I laid there crying for a few minutes before I was able to crawl back inside.  Thank goodness the baby started kicking right away, and within 10 minutes he had the hiccups.  He's now thrashing around inside more than any other morning.  and it hurts!  It feels like my cervix is bruised, and he's hitting it? 

I'm just lucky that that fall wasn't worse than what it was.

I'd rather have snow than this ice.  Or have the snow ice over, at least that way I can see it!

Wednesday, January 12, 2011

35weeks - 0 dilation

I just had my 35 week visit at the OB.  I had to sit there waiting in my room for 30 mins with no bottoms on because there was an emergency in the room next to us.  Some lady at 30 weeks pregnant had her bag of water in her vagina =[  So the ambulance had to come bring her to the hospital.

I got my strep B swab done today, and while measuring my belly I got a really strong Braxton Hicks.  She decided to wait till it was over because my belly went rock hard and stuck out. lol  I am measuring 40 weeks.  40 weeks!

She also decided to do a quick cervix check.  0 dilation, but mentioned that it was thinning out nicely.  She then went over my old c-section notes.  Scar on my uterus is normal, so I can try for a VBAC =)  The reason documented for the C-section was "Failure to progress"

I ran to Walmart on my way home to pick up some Raspberry leaf tea,...yeah, hardest thing to find!  It's the last thing on the ingredient list on 2 different kinds.  I figure I'll start drinking some of this one, and then next week I'll look for a better one.

Sunday, January 9, 2011

Nursery 1.5

I've been trying to finish up the nursery the past week, and been sorta stuck.  We decided to add some color, because it was looking dark and gloomy. 
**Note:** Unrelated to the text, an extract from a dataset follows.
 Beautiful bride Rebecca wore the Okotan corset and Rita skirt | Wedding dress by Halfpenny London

We will be adding a storage shelf next weekend against the wall with the bath set box, and I still need to find a lamp with a dimmer that I like.  It just seems like minor stuff left!  Oh and of course we will be moving the bassinet into our room once the baby arrives. 
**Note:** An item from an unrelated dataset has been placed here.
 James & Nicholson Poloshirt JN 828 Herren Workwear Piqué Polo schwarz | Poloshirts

Ps.  I managed to crazy glue 2 of my fingers to a canvas today!

Here are some shots from today:





Wednesday, January 5, 2011

34 weeks with Pupps!

Pupps sounds cute, but I assure you, it's not!  My belly, thighs, and legs are on fire from all the scratching.  Not much I can do but try to control the scratching and hope that the rash doesn't get darker or spread.

I am officially 34 weeks, and I finally got a hold of my old C-section records and had them forwarded to the OB.  I go in on the 12th and I am hoping they agree to allow me try to have a vaginal birth. =)  If so, and if my cervix is dilated some, I will get my membranes stripped at my 37th week appt. and I will try my best to try and go into labor before Feb 8th. (My scheduled C-section date)

The rules are:

Go into Labor without induction
Labor at the hospital to be monitored
AND I have to go into labor before my scheduled date

We did a huge Babies R Us trip last weekend to pick the last of the baby gear.  We ordered his cloth diapers and his jogging stroller on Amazon...I think I am starting to believe that this might happen!